Sнаđошƒаӽ over 8 years

Nice excerpt from K&R! And +1 for the nice coat! Wait, did I say coat? Well, you got that right!
einpoklum about 8 years

Umm, isn't it a C requirement that sizeof(char) = 1? And since there must be an int8_t type, does that not mean it is also effectively a requirement that CHAR_BITS == 8? Also, AFAICR Posix requires CHAR_BIT == 8 anyway.

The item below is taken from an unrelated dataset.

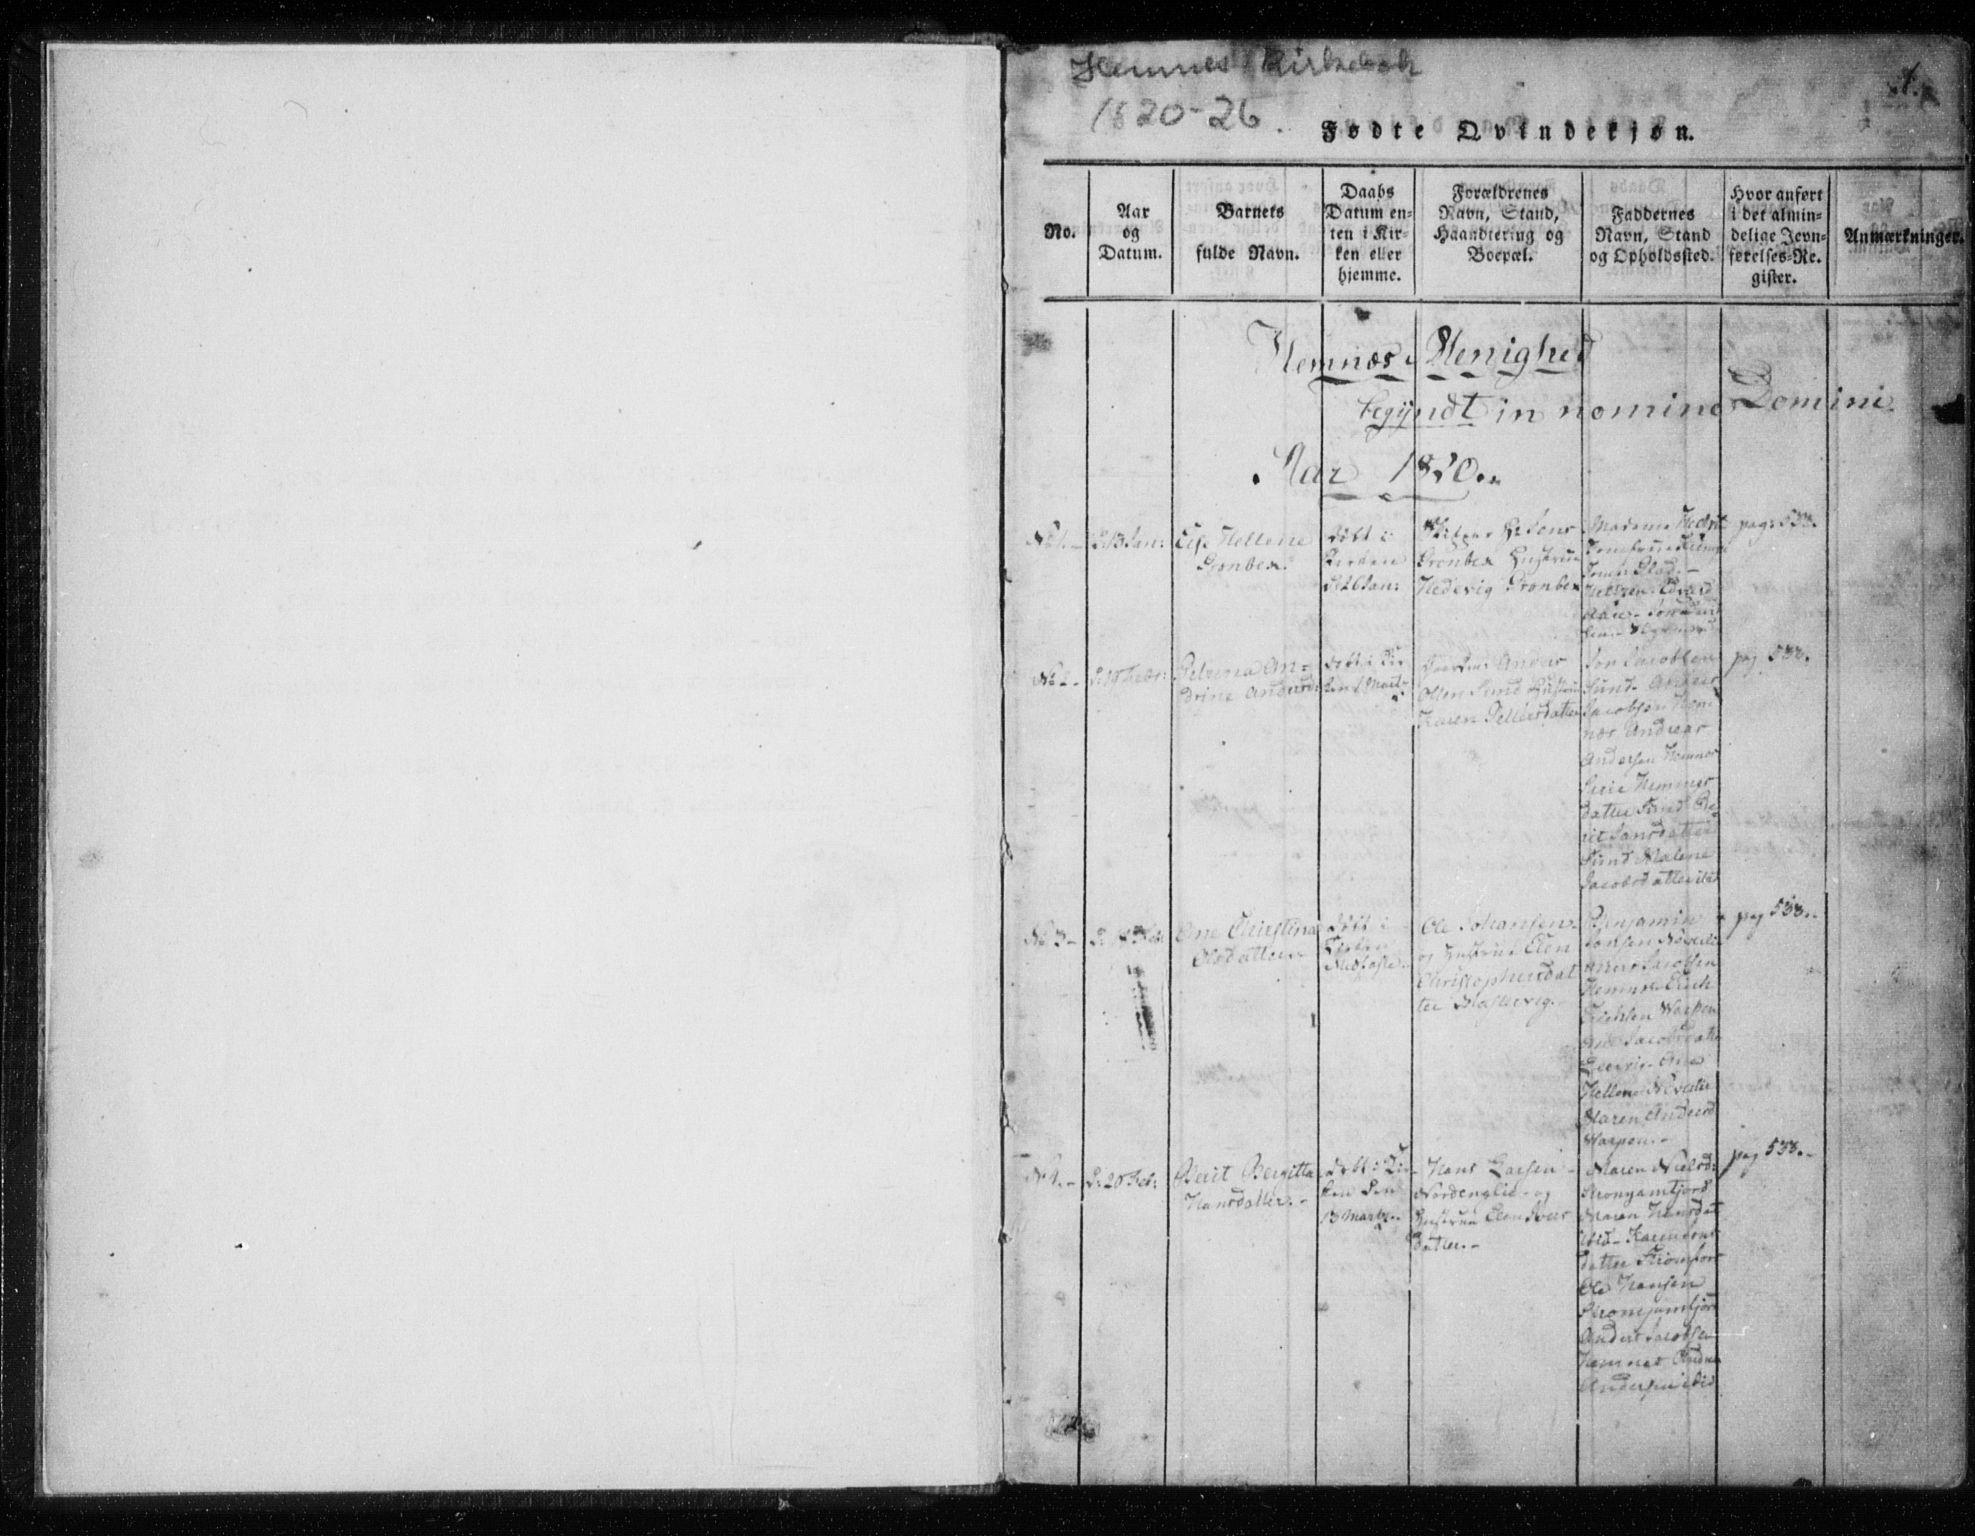 SAT, Ministerialprotokoller, klokkerbøker og fødselsregistre - Nordland, 825/L0353: Ministerialbok nr. 825A07, 1820-1826, s. 1

Meaning that it is not OK for a compiler to make char and short the same type. Although I guess short = int = long is OK.
T.E.D. about 8 years

@einpoklum - According to what I can dig up, CHAR_BITS must be at least 8, but may be more. But that's today, if your compiler happens to be conformant to that particular standard. Back in '11 when I wrote this, I still occasionally had to work on systems with K&R'ish compilers. In a world chock full of non-standard compilers, quoting today's standard isn't the end of the discussion.
einpoklum about 8 years

But it's not "perfectly OK", it's against the C99 standard, which is almost 20 years old already. So - would suggest an edit.
T.E.D. about 8 years

@einpoklum - I'll rephrase that, since the "OK" seems to bug people so much. But I think lots of people think things are "standard" that are not. There's a reason they made those sized types (including int8_t and uint8_t). I'm pretty sure they can indeed legit all be the same size.
T.E.D. about 8 years

@einpoklum ...note that the inequality relation in my answer, including the part about char, can be found nearly verbatim in this OpenGroup whitepaper about C data sizes on 64-bit systems.
Sagar over 7 years

@Elyasin How can I find the limits for long Double which is for 80 bit ? Any suggestions ?
Ely over 7 years

I did not list it, but you should find it also in the float.h file if it is defined.
M.M over 7 years

There are also guarantees that certain ranges of values can be represented in each type; see the top-voted answer
M.M over 7 years

@einpoklum int8_t is not guaranteed to exist in ISO C. The intNN_t types are all optional and if the implementation cannot satisfy the requirements then it will not offer those types.
M.M over 7 years

The casts on integer types are redundant at best (C11 5.2.4.2.1/1)
M.M over 7 years

An int must be able to hold at least 32767. It might not be able to hold 65535. On typical 16-bit implementations it wouldn't.
T.E.D. over 6 years

@chux - I suppose that might be a useful clarification on platforms where unsigned and signed types are different sizes. Are there any such platforms?
chux - Reinstate Monica over 6 years

@T.E.D. I apologize - I mis-thought as sizeof(char)<=sizeof(short) meaning CHAR_MAX <= SHRT_MAX, which might not be true where as UCHAR_MAX <= SHRT_MAX is certainly true.